A search on The New York Times Cooking website brought up a “Garbanzos and Greens with Chorizo” recipe. I didn’t have chorizo, but I did have an open package of bacon. I didn’t have kale or chard, but in the freezer, I had a bag of collard greens that I had blanched and frozen weeks before (collards are sold in such HUGE bunches, aren’t they?). Since collards and bacon often go together anyway, it was meant to be!
Note: you could omit the bacon to make this vegetarian. Just amp up the smoked paprika (one of my favorite pantry spices).
Chickpeas and Greens with Bacon
Adapted from The New York Times Cooking
For the chickpeas and broth:
About 1/2 bag or 1 Cup dried chickpeas (garbanzo beans)
½ small onion, plus 1 clove
1 small carrot, peeled and cut into chunks
1 bay leaf
A generous amount of salt
1 Tablespoon vegetable oil
For the beans and greens:
2 Tablespoons olive oil
1 onion, diced (about 1 Cup)
Salt and pepper to taste
About 6 ounces bacon, chopped
2 teaspoons fresh garlic, minced
1/4 teaspoon smoked paprika
1 teaspoon cumin seeds, toasted and coarsely ground
3 Tablespoons pine nuts, lightly toasted
1 bunch of collard greens – or kale, or chard, washed and cut into slices
Soak the chickpeas overnight or all day (I soaked mine about 6 hours.) Drain and put in the pressure cooker. Add the onion half and clove, chopped carrot, bay leaf, and vegetable oil and cover with 6 Cups of water. Reference the directions that come with the pressure cooker to make sure you are using it correctly and safely. I put mine over a high flame until the lid sealed and the pressure regulator began to rock. I them set the timer (for 7 minutes) and lowered the heat so the regulator was rocking steadily but not excessively throughout the cooking time.
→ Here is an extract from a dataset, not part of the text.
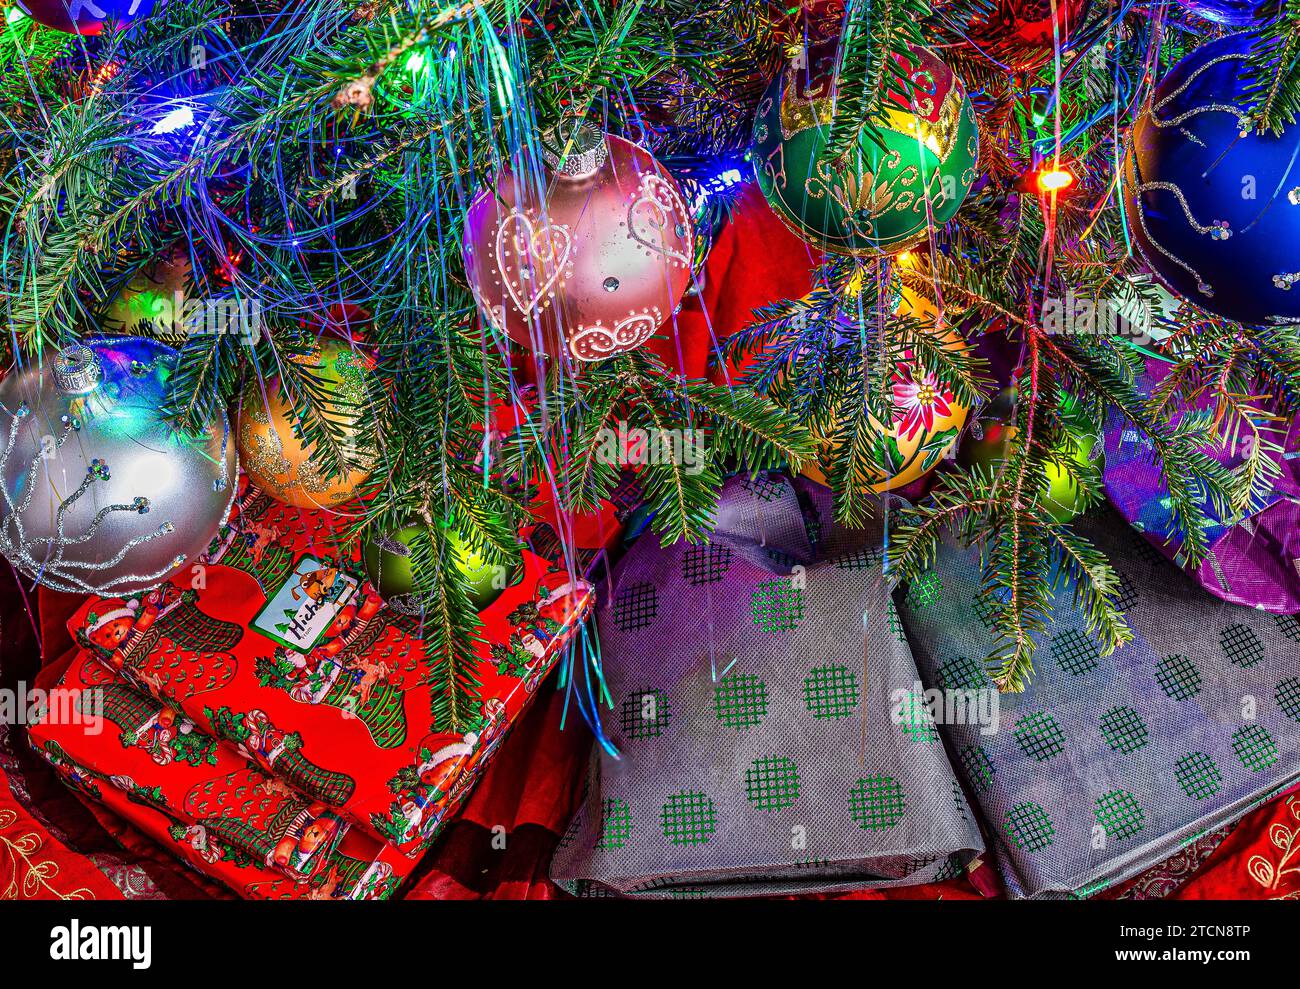 Geschenke unter dem Weihnachtsbaum. Zweige mit Dekoration und Weihnachtskugeln. Weihnachtsbaumbeleuchtung. Stockfoto

In the meantime, chop your other ingredients, and toast and grind your cumin seeds.
When the chickpeas are done (and the pressure has lowered and the lid can be opened), season generously (and I mean generously) with salt.
In a wide, high-sided skillet, heat olive olive oil over medium-high. Add the onion and salt and pepper and cook until softened and turning slightly brown. Add the bacon and cook until browned.
When the chickpeas were done, I removed the onion, carrot and bay leaf from the pot and then strained the mixture, saving the broth and separating the chickpeas.
Into the bacon-onion mixture, stir the garlic, smoked paprika, and 1/2 teaspoon of the cumin. Then add the chickpeas and about 1/2 Cup of the chickpea cooking broth.
Turn the heat up until the liquid is at a simmer; add the greens and salt and pepper. If using fresh greens, stir until they wilt. Otherwise, put the lid on the pan and allow to cook for a few minutes.
Taste and add salt and pepper as needed. Then transfer a portion into each individual soup bowl for serving.
Ladle 1 Cup of broth into each bowl. Sprinkle with remaining cumin and pine nuts.
Serve with a toasted baguette slice or two to soak up the broth. Enjoy with a celebratory glass of sparkling wine!
That looks amazing! I love collard greens.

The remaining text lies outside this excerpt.